The model captures information on atomic sites and their local environments by considering self-consistent long-range interactions to enrich the structural representations of the materials. A comparative experiment was performed on benchmark datasets QM9 and Material Project (2018.6.1) to compare the performance of the proposed model with state-of-the-art representations in terms of prediction accuracy for several target properties.
Furthermore, the quantitative contribution of each local structure to the properties of the materials can help understand the structural-property relationships of the materials.
The Self-Consistent Atention-based Neural Network (SCANN) is an implementation of deep attention mechanism for materials science.
Figure 1 shows the overall schematic of the model
Firstly, create a conda environment to install the package, for example:
conda create -n test python==3.9
source activate test
For hardwares that have CUDA support, the tensorflow version with gpu options should be installed. Please follow the installation from https://www.tensorflow.org/install for more details.
Tensorflow can also be installed from conda
for simplification settings:
conda install -c conda-forge tensorflow-gpu
You can install the lastes development version of SCANN from this repo and install using:
git clone https://github.com/sinhvt3421/scann-material
cd scann-material
python -m pip install -e .
SCANN can be installed via pip for the latest stable version:
pip install scann-model
Our current implementation supports a variety of use cases for users with different requirements and experience with deep learning. Please also visit the notebooks directory for Jupyter notebooks with more detailed code examples.

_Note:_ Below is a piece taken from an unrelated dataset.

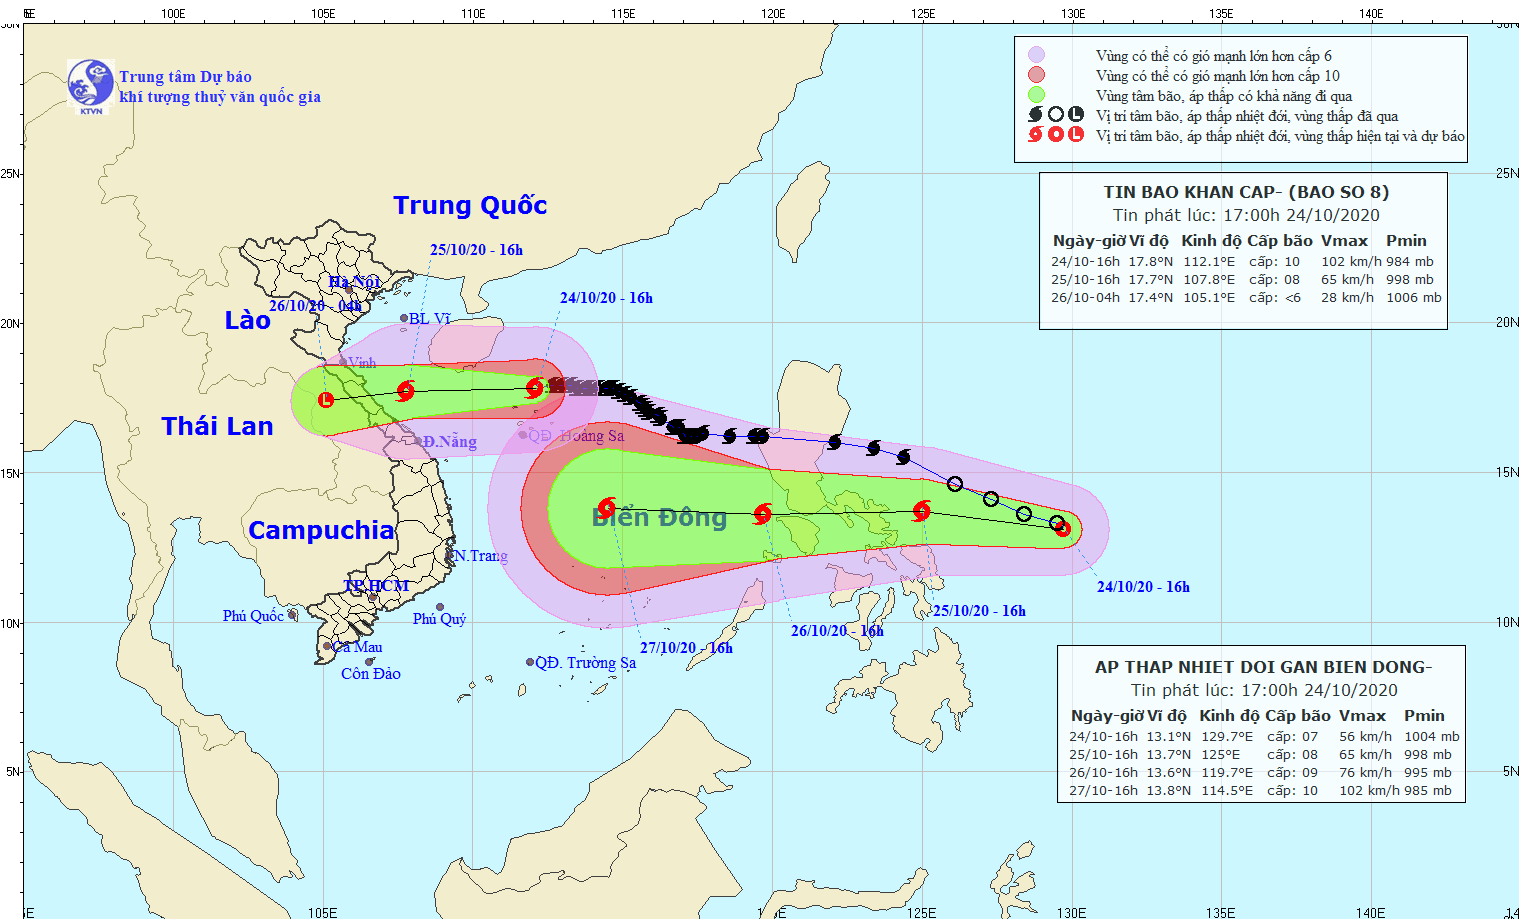 Bão số 8 sẽ đi vào đất liền từ Hà Tĩnh đến Quảng Trị, áp thấp nhiệt đới khả năng thành bão

Below is an example of predicting the "HOMO" and corresponding global attention score:
from scann.utils import load_file, prepare_input_pmt
from scann.models import SCANN
import yaml
#load config and pretrained model from folders
config = yaml.safe_load(open('trained_model/homo/config.yaml'))
scann = SCANN(config, pretrained='trained_model/homo/model_homo.h5', mode='infer')
#load file for structure using pymatgen Structure
struct = load_file('abc.xyz') # pymatgen.core.Structure
inputs = prepare_input_pmt(struct, d_t=4.0, w_t=0.4, angle=False) # Distance, weights threshold
# Predict the target property with the ga score for interpretation
pre_target, ga_score = scann.model.predict(inputs)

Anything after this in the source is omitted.